A Amazonbai é a primeira organização no Brasil a utilizar o procedimento FSC® de Serviços Ecossistêmicos para verificar seus impactos positivos na manutenção dos estoques de carbono e proteção à biodiversidade. Trata-se de uma garantia de um produto de ambiente natural que possui o ser humano como principal beneficiário ao mesmo tempo em que preserva os serviços providos pela floresta à sociedade. Na prática, os benefícios incluem a melhoria na gestão e documentação da organização, avanços em saúde e segurança no trabalho, aumento na transparência e diálogo com partes interessadas e afetadas pelo manejo.

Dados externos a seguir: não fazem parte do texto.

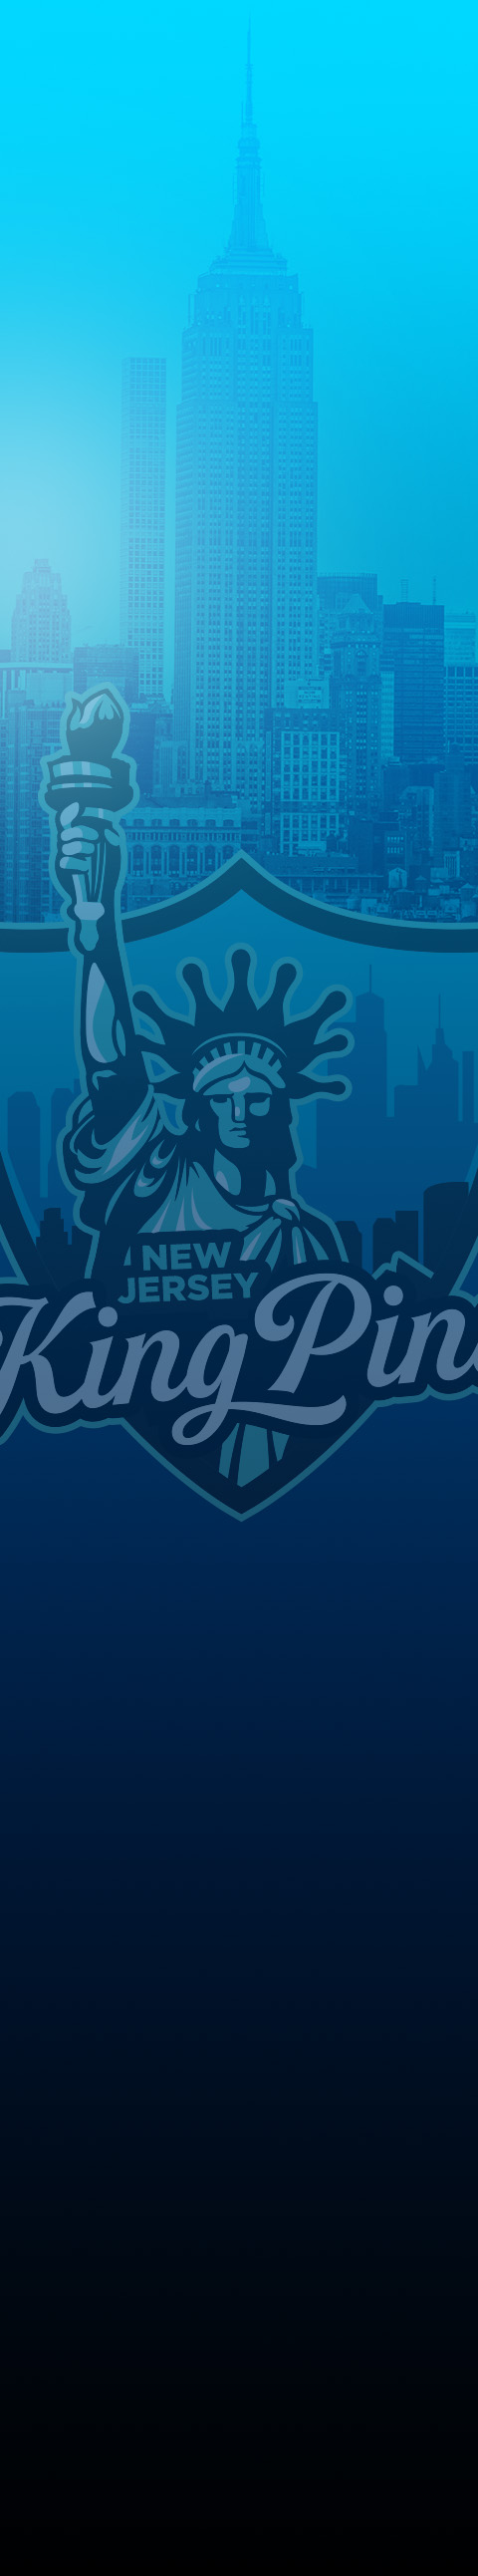 New Jersey Kingpins Logo in Front of New York Buildings

Ainda nessa região, onde uma viagem de barco entre uma comunidade produtora e a capital, Macapá, pode durar até doze horas de barco, o Instituto InterElos trabalha numa dimensão adicional: a educação. Com o fortalecimento das escolas locais e o uso de uma pedagogia específica, é possível formar jovens com conhecimento técnico e capacidade de liderança, contribuindo para sua permanência no campo. Assim ficam em pé tanto a floresta, como as populações nativas, o futuro da região e o fornecimento em escala de uma iguaria brasileira para o mundo.